Exercise objective: Take the line containing "64GB USB Flash" and every line after it to the end of the material below; reproduce them exactly, without pictures.

Record extracts:
☆ ☆ ☆
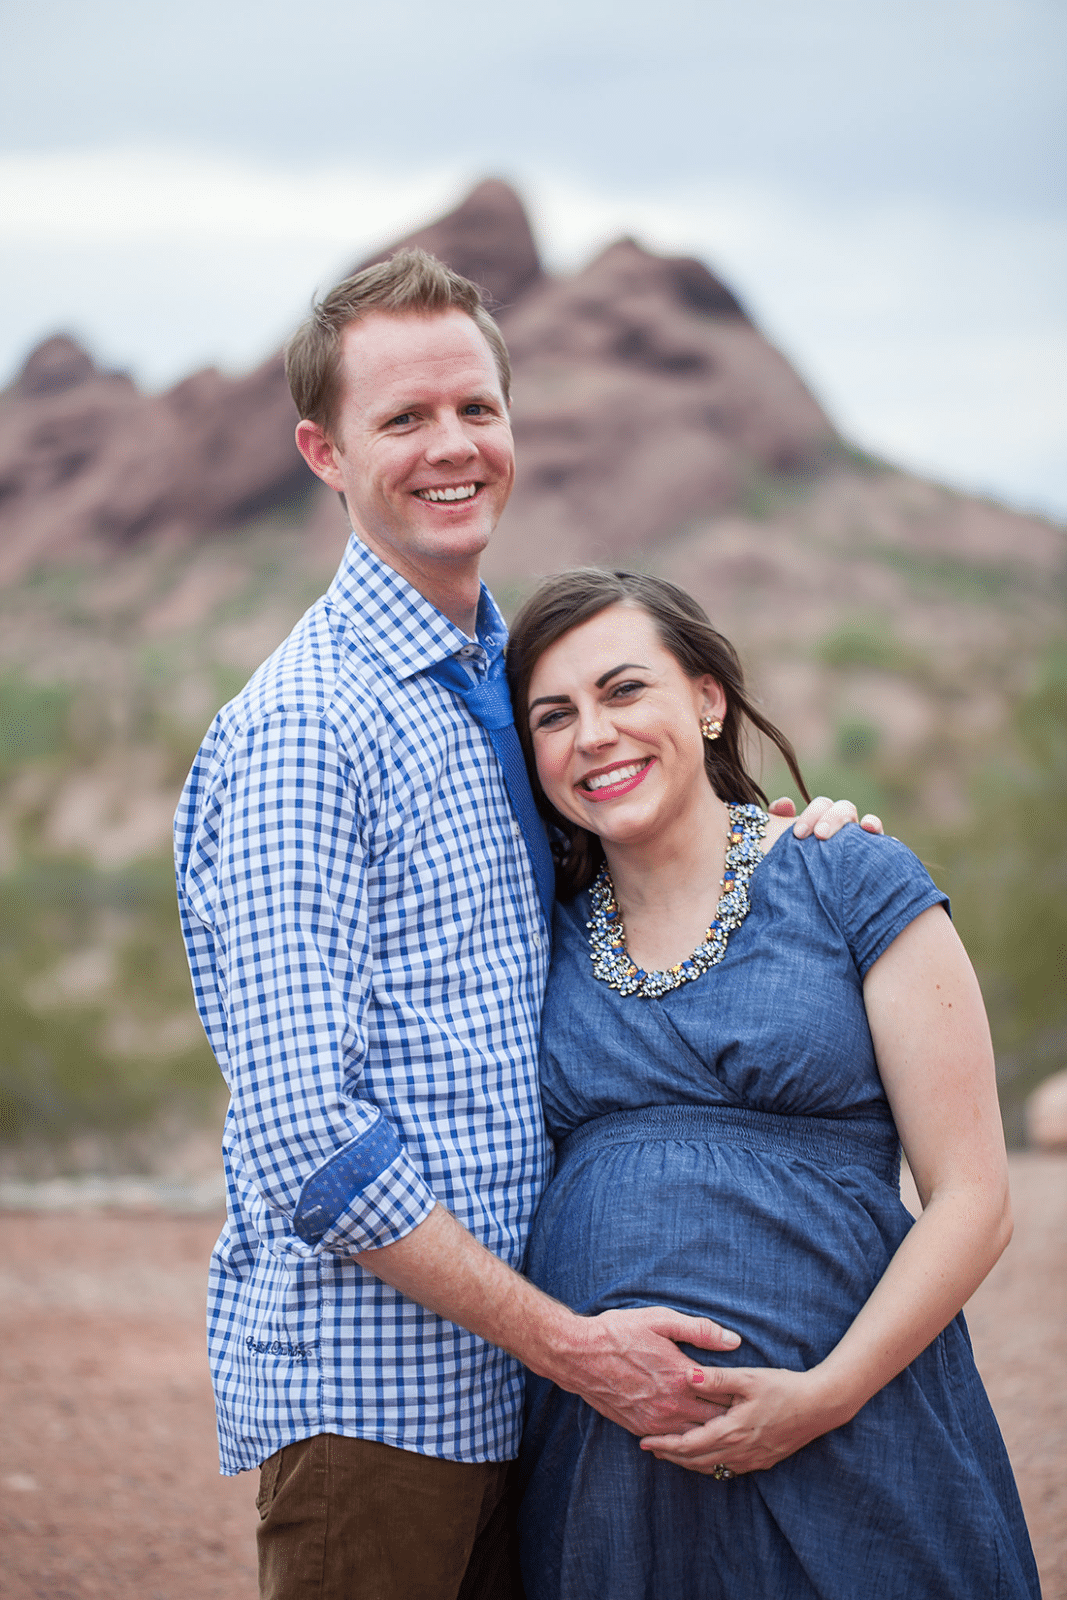 Maternity photo shoot ideas in Arizona. 
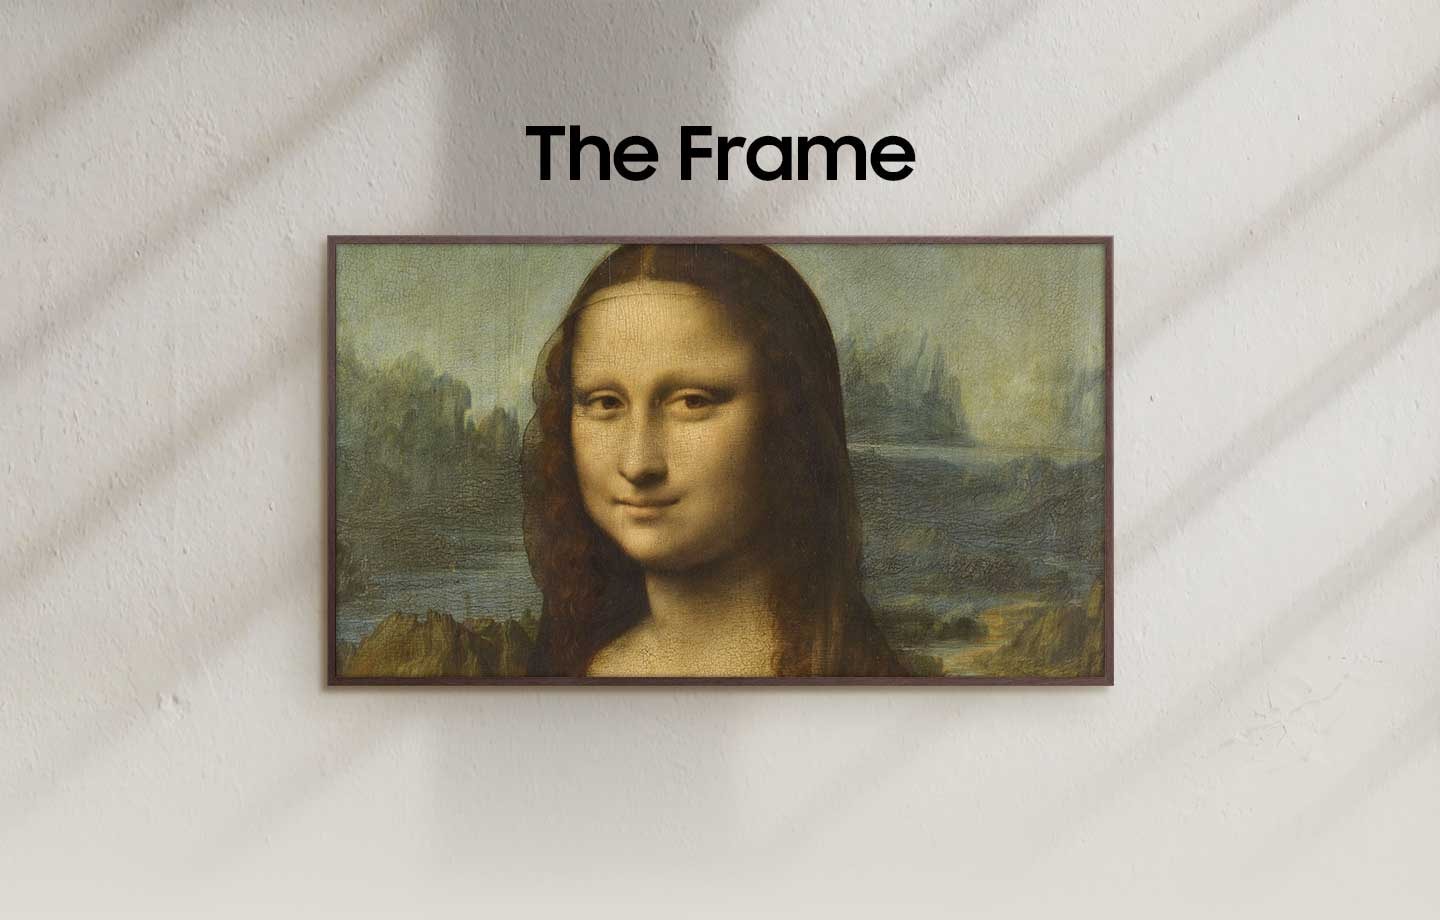 The Frame présente La Joconde à l'écran.
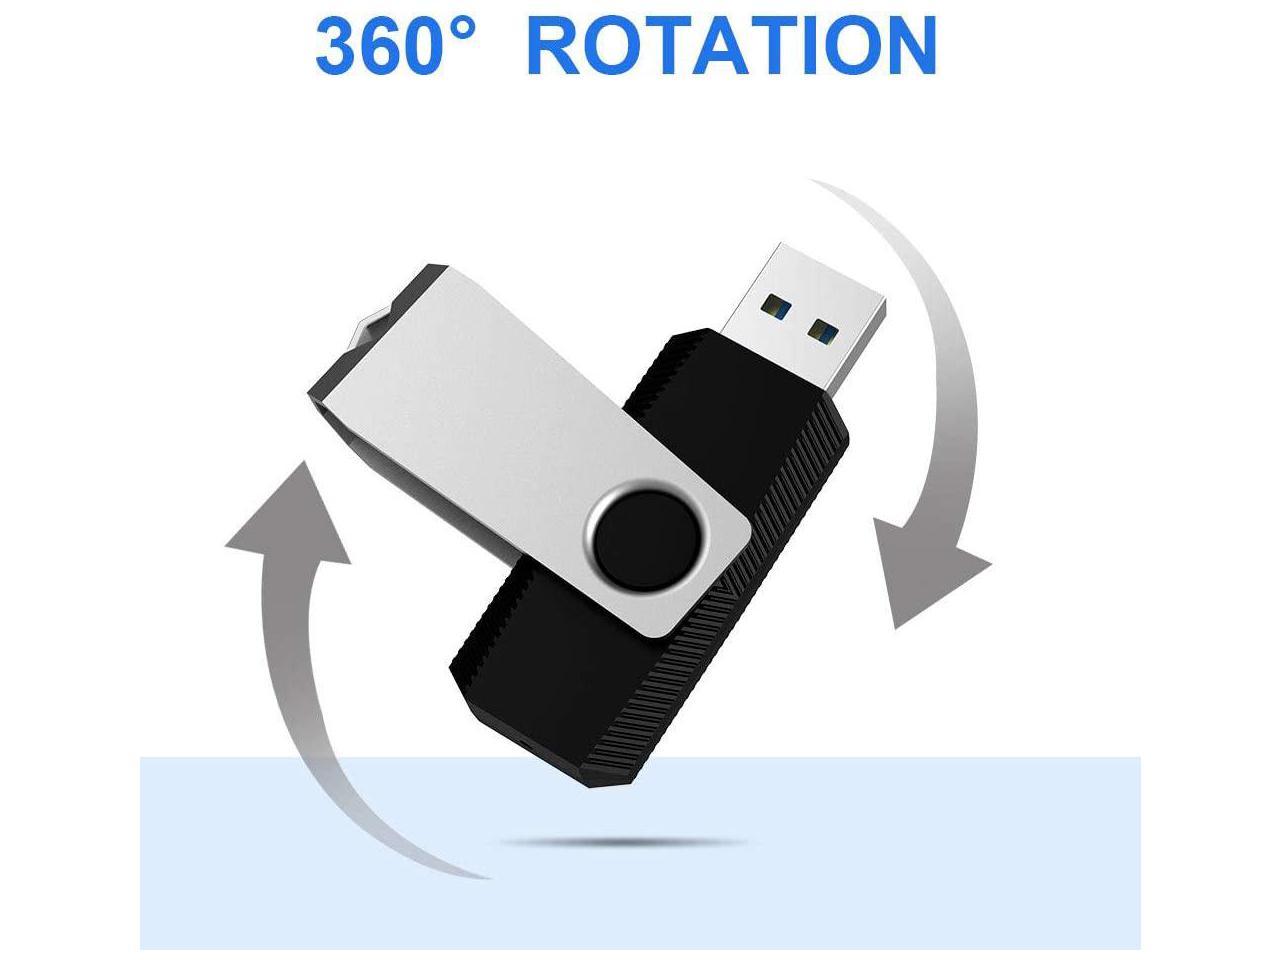 64GB USB Flash Drive Memory Stick K&ZZ Thumb Drive Gigstick USB3.0 Pen Drive for Folding Digital Data Storage Zip Drive Jump Drive
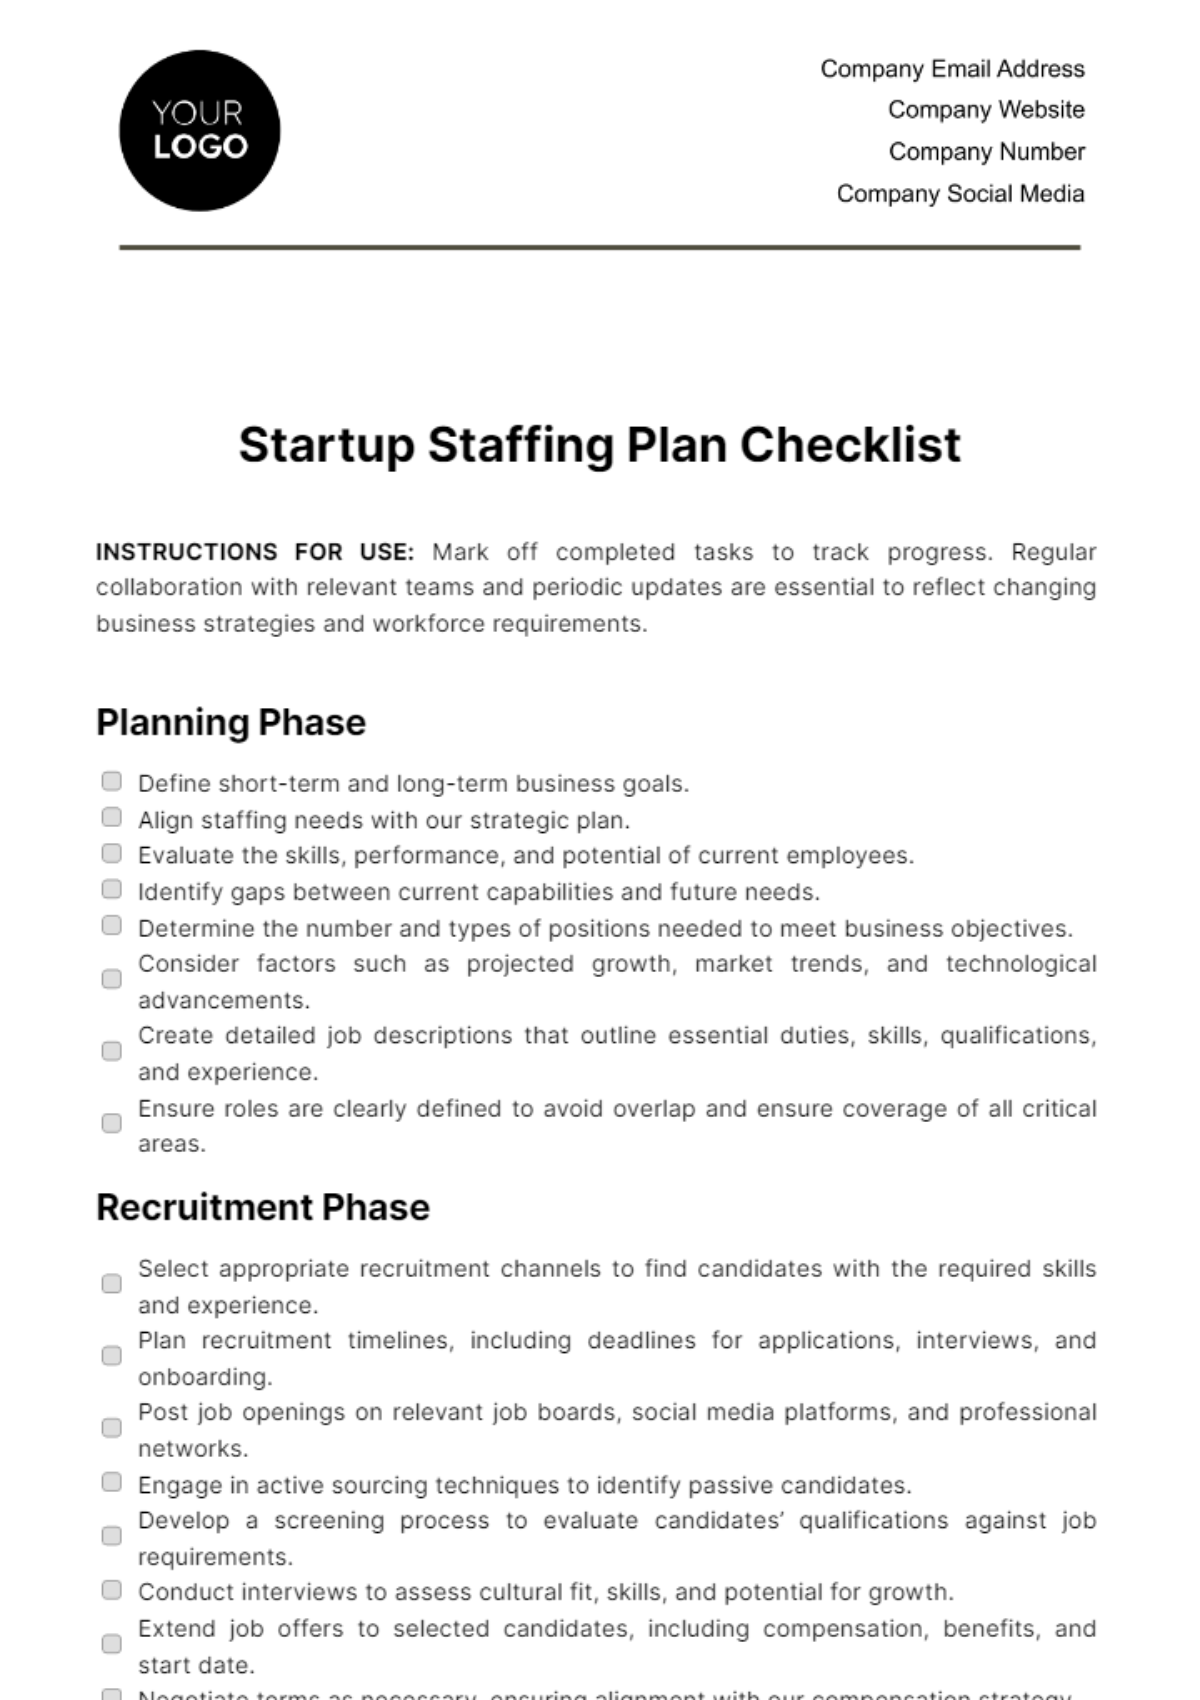 Free Startup Staffing Plan Checklist Template
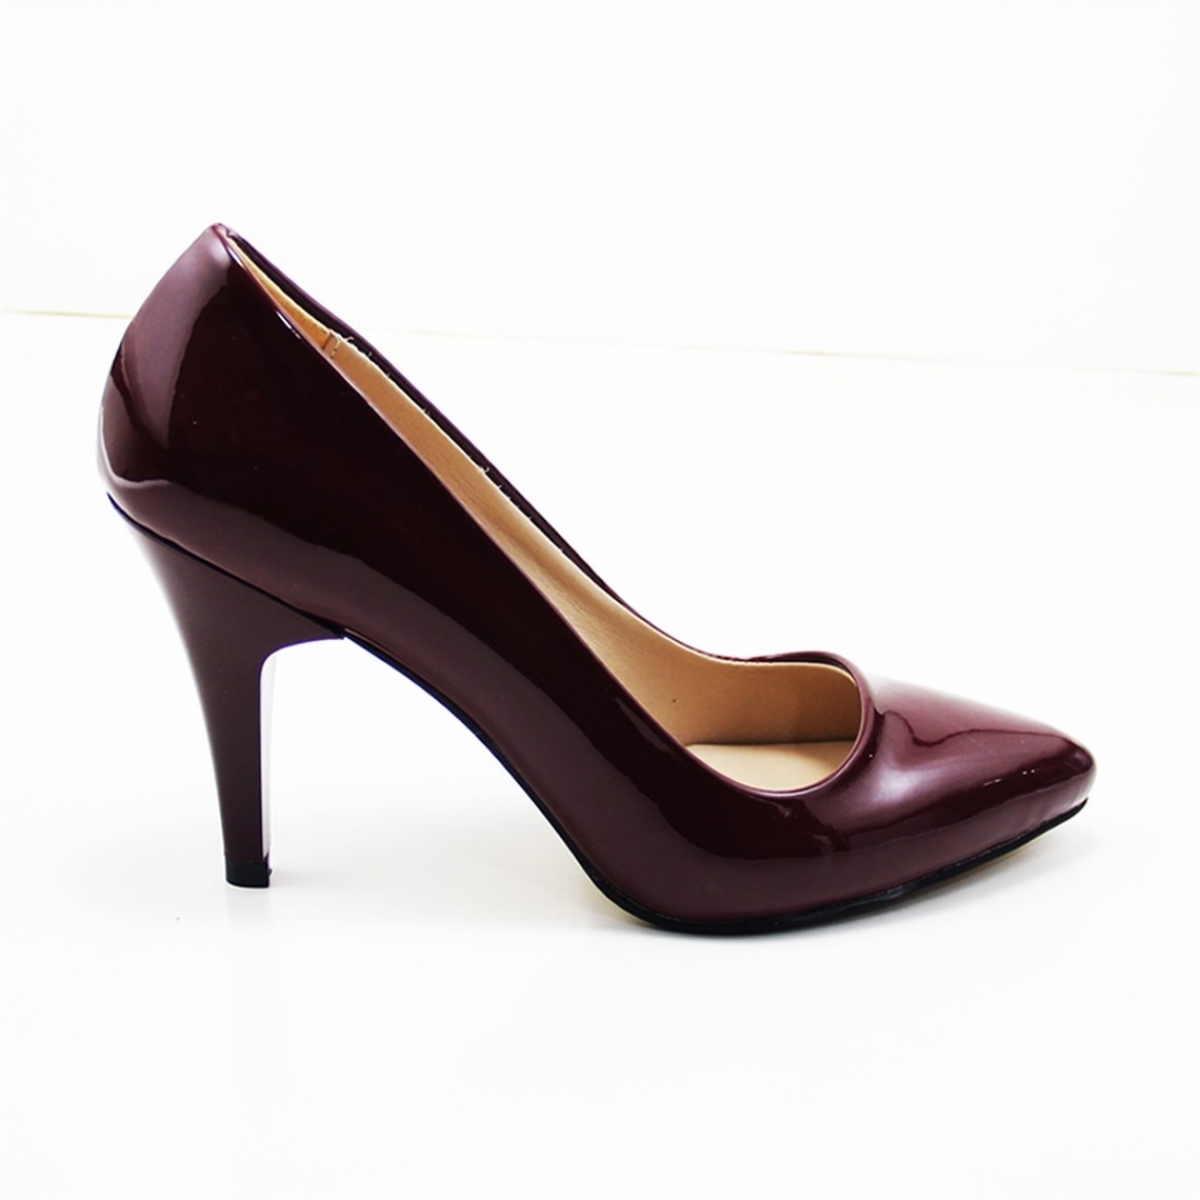 Flo Günlük Topuklu Bordo-Petekli Kadın Ayakkabı N-2500. 3
☆ ☆ ☆
Your response:
 64GB USB Flash Drive Memory Stick K&ZZ Thumb Drive Gigstick USB3.0 Pen Drive for Folding Digital Data Storage Zip Drive Jump Drive
 Free Startup Staffing Plan Checklist Template
 Flo Günlük Topuklu Bordo-Petekli Kadın Ayakkabı N-2500. 3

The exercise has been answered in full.